Возвращаясь из редакции домой после визита Долотова, Одинцов чувствовал себя очень скверно. И не только потому, что выслушал нелестные слова от человека, чьим расположением втайне дорожил (и старался держаться подальше от Валерии, к которой Долотов, судя по всему, был неравнодушен). Это их свидание развеяло стойко державшееся весь день радостное предчувствие вечерней работы над либретто балета, которым он от случая к случаю занимался вот уже несколько лет, – из прихоти, без содружества с каким-либо композитором. Произведение было задумано, как небольшая пьеса. Первый акт дался легко, но второй, начинавшийся сценой встречи мудрой, очаровательной царицы Нефертити и юной, страстной Кийа, сановной любовницы Эхнатона, – эта сцена никак не хотела продвигаться. Одинцов не мог найти интонации диалога: Наконец ему показалось, что он почувствовал «музыку», беседы этак двух женщин: диалог умней, знающей жизнь Нефертити и Кийа, уверенной во всесилии своей молодости и красоты. Одинцов остался доволен первыми набросками и собирался продолжить работу.

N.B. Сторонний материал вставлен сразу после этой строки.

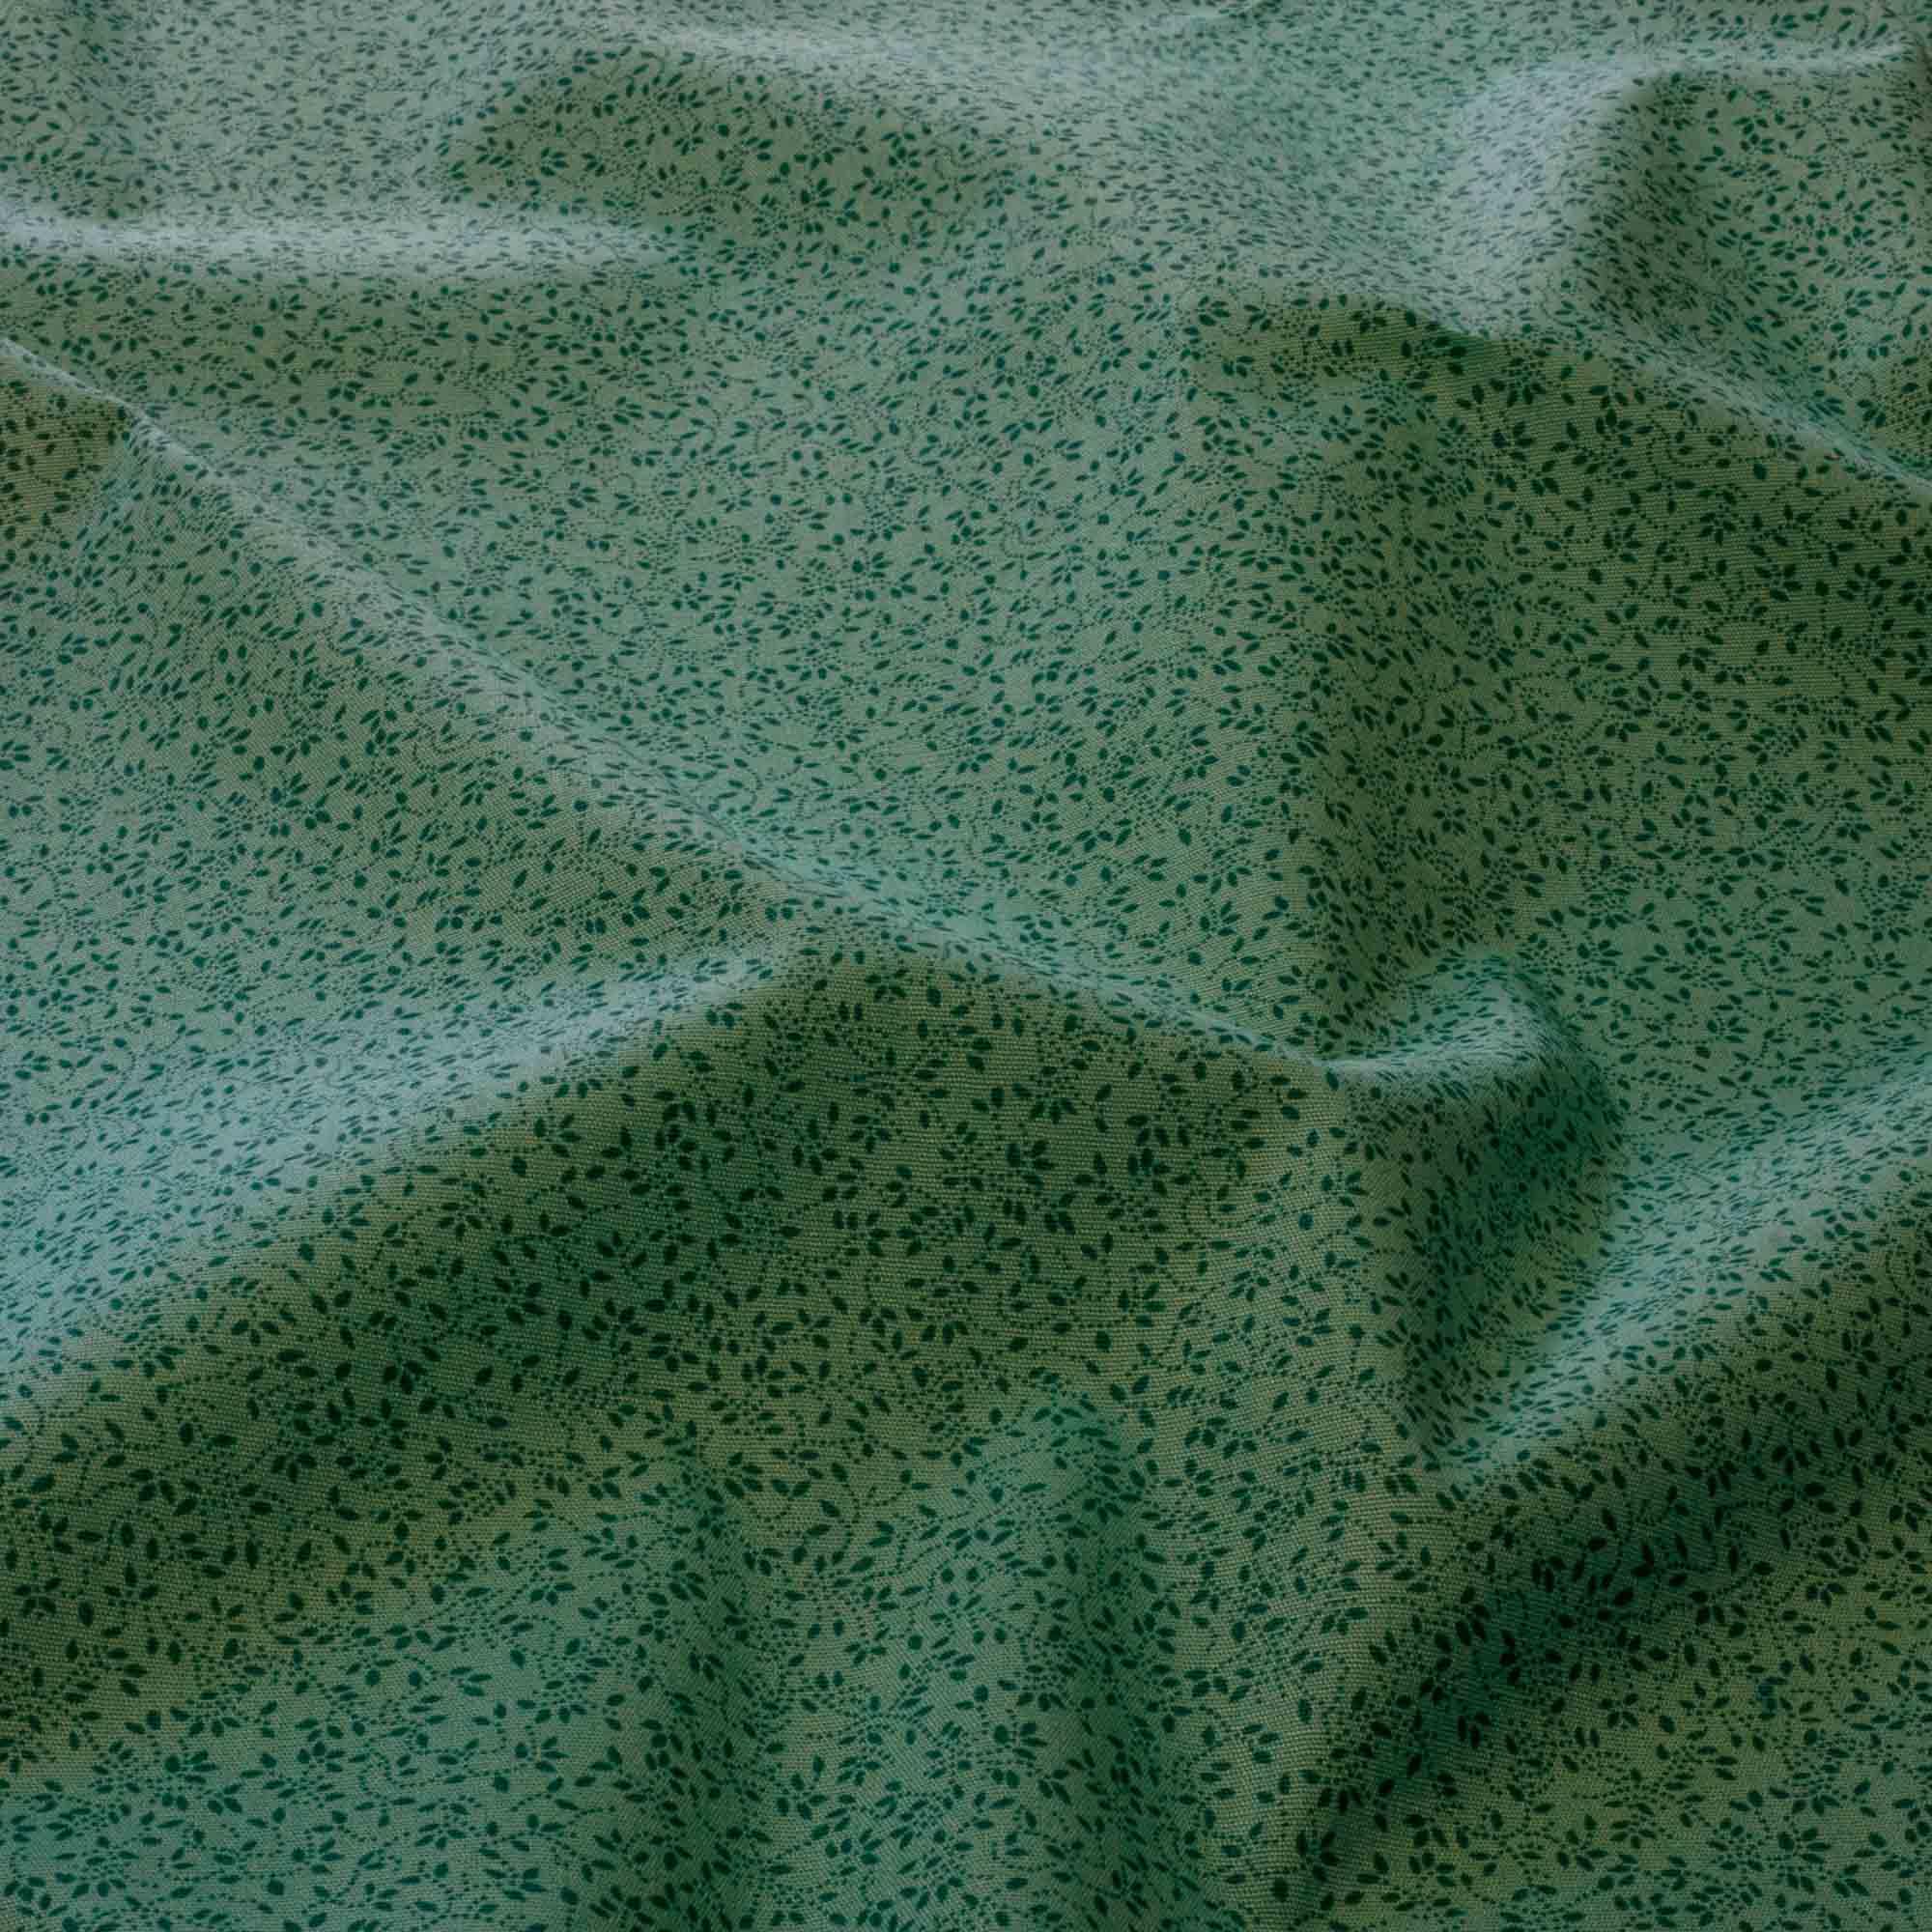 Tecido Tricoline Estampado Folhas Miúdas 1,40 Mt Largura Verde

И этот вечер был испорчен Долотовым.
«Что ему, наконец, эта статья, которую не помнит ни одна живая душа?» – думал Одинцов, добираясь домой.
А добравшись, сразу же, не раздеваясь, сел за письменный стол, торопясь проверить, живо ли в нем недавнее творческое настроение.

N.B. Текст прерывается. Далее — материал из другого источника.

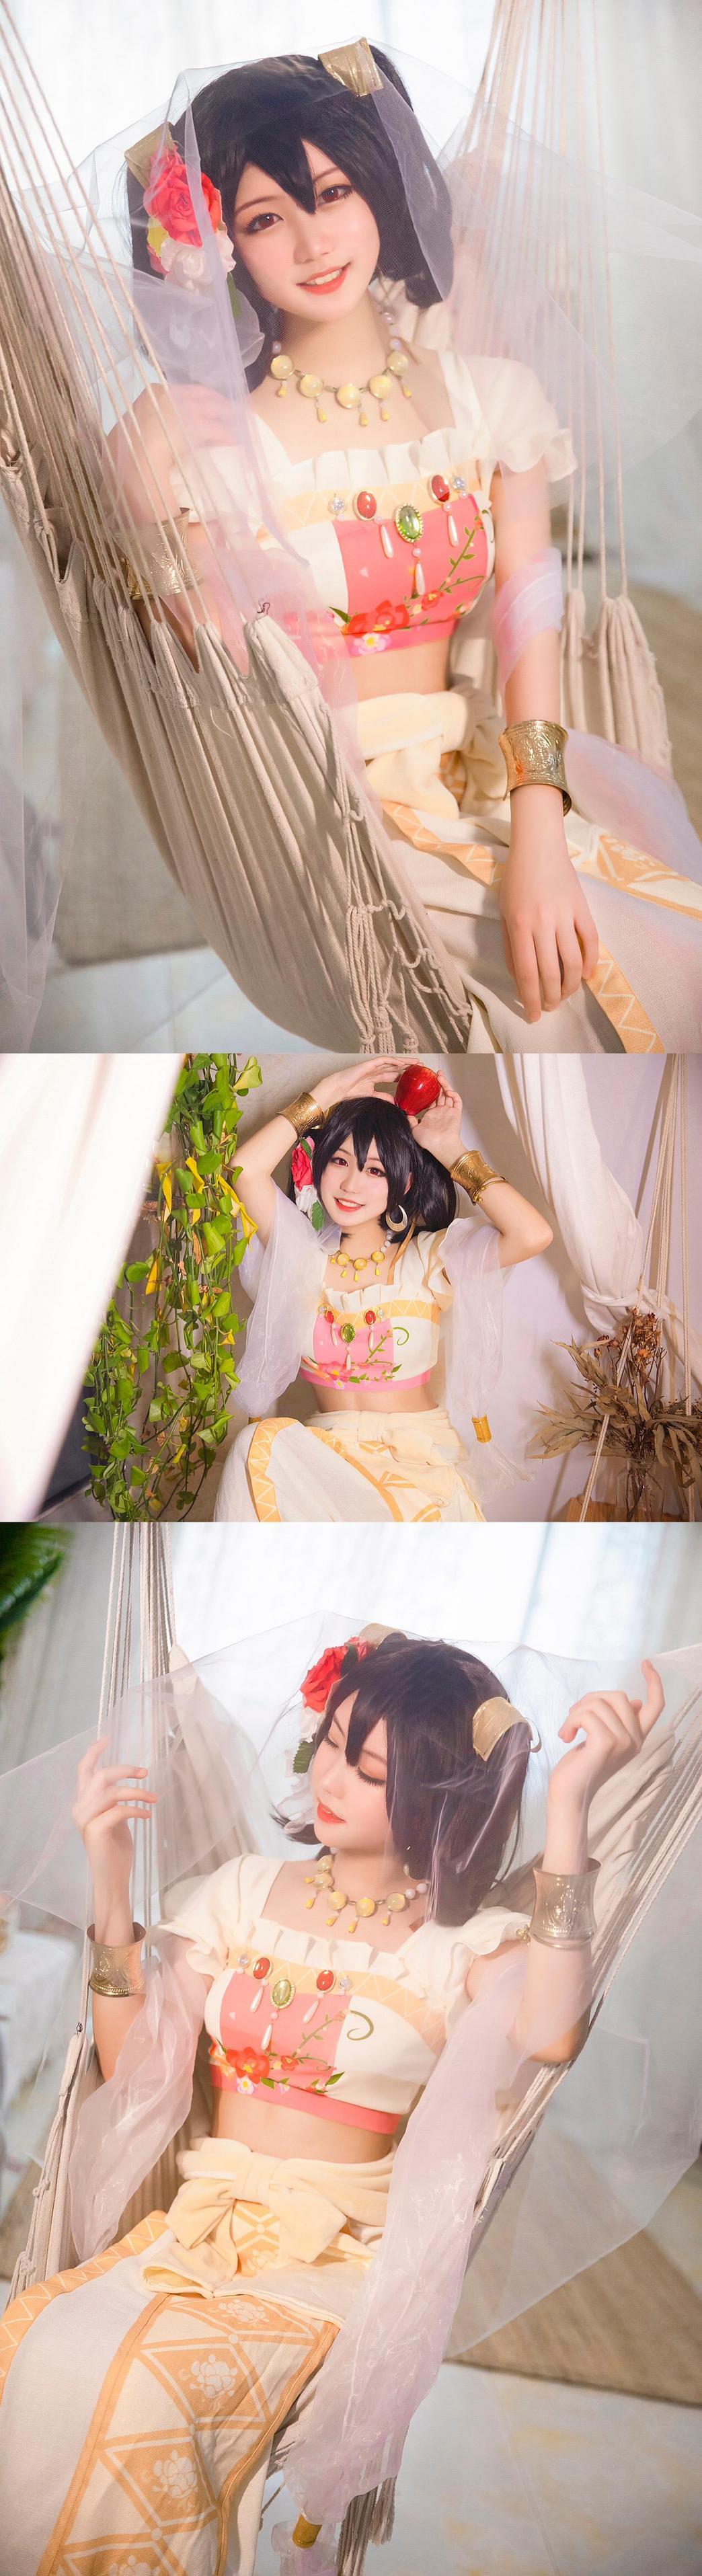 东条希cosplay【CN:不会飞的二飞丶】-第2张

Он включил лампу, вытащил папку, обтянутую песочно-серой холстиной, некоторое время глядел на титульный лист рукописи, где значилось название будущего либретто: «Нефертити», – медленно перелистал несколько страниц, отыскал последний набросок и принялся работать.
Но чувство найденной тональности исчезло, египетские рельефы с их бестелесными фигурками уже не волновали его.
«Впредь наука! – думал он. – В другой раз будешь помнить, что отказывать тоже нужно умеючи…», «Вот и успокойся, – увещевал он себя, расхаживая взад и вперед по комнате. – Пусть сами разбираются. Что тебе до них? Что тебе до того, что какой-то Фалалеев сводит счеты с Боровским и что это не нравится Долотову? Ты давно уже не из их команды».
Шло время, а его либретто ни на строчку не продвинулось с тех пор, как эта порядком затертая газета со статьей Фалалеева лежала у него в служебном столе. Наконец он понял: покоя не будет, пока он не решит, чго делать со статьей Фалалеева. Одинцов трижды прочитал ее, с каждым разом все больше убеждаясь, что Долотов прав, статья написана ради накостного желания, изгадить репутацию Боровского если не в глазах широкой публики, то в авиационном мире, и сделать это так, чтобы Боровский не смог ответить: печатно защищать анонима, то есть самого себя – это значат предоставить Фалалееву право трепать имя Боровского в открытую, чем тот не преминет воспользоваться.
Одинцов начал работу скрепя сердце, но затем увлекся. («Члены экипажа Боровского говорили о своем командире и о втором летчике С-44, Лютрове, с такими просветленными лицами, что Одинцов не удивился бы, если бы Долотов, которого он хорошо
И вспомнились Одинцову юность, училище, годы службы, генерал Духов. Оказывается, все это не прошло бесследно и живо в нем. С этим чувством приобщения к прошлому он и принялся за статью и писал ее как будто не из намерения защитить Боровского, а чтобы уберечь от посрамления свою собственную юность, которая роднила его и с Боровским, и с Долотовым, и с неведомым ему Лютровым.
Теперь Одинцов был доволен, что у него хватило пороху и написать статью, и убедить редактора напечатать ее. Дело сделано, и теперь… Уж не собирается ли он жить по-другому?.. Одинцов хорошо знал себя и был достаточно умен, чтобы не обещать себе этого.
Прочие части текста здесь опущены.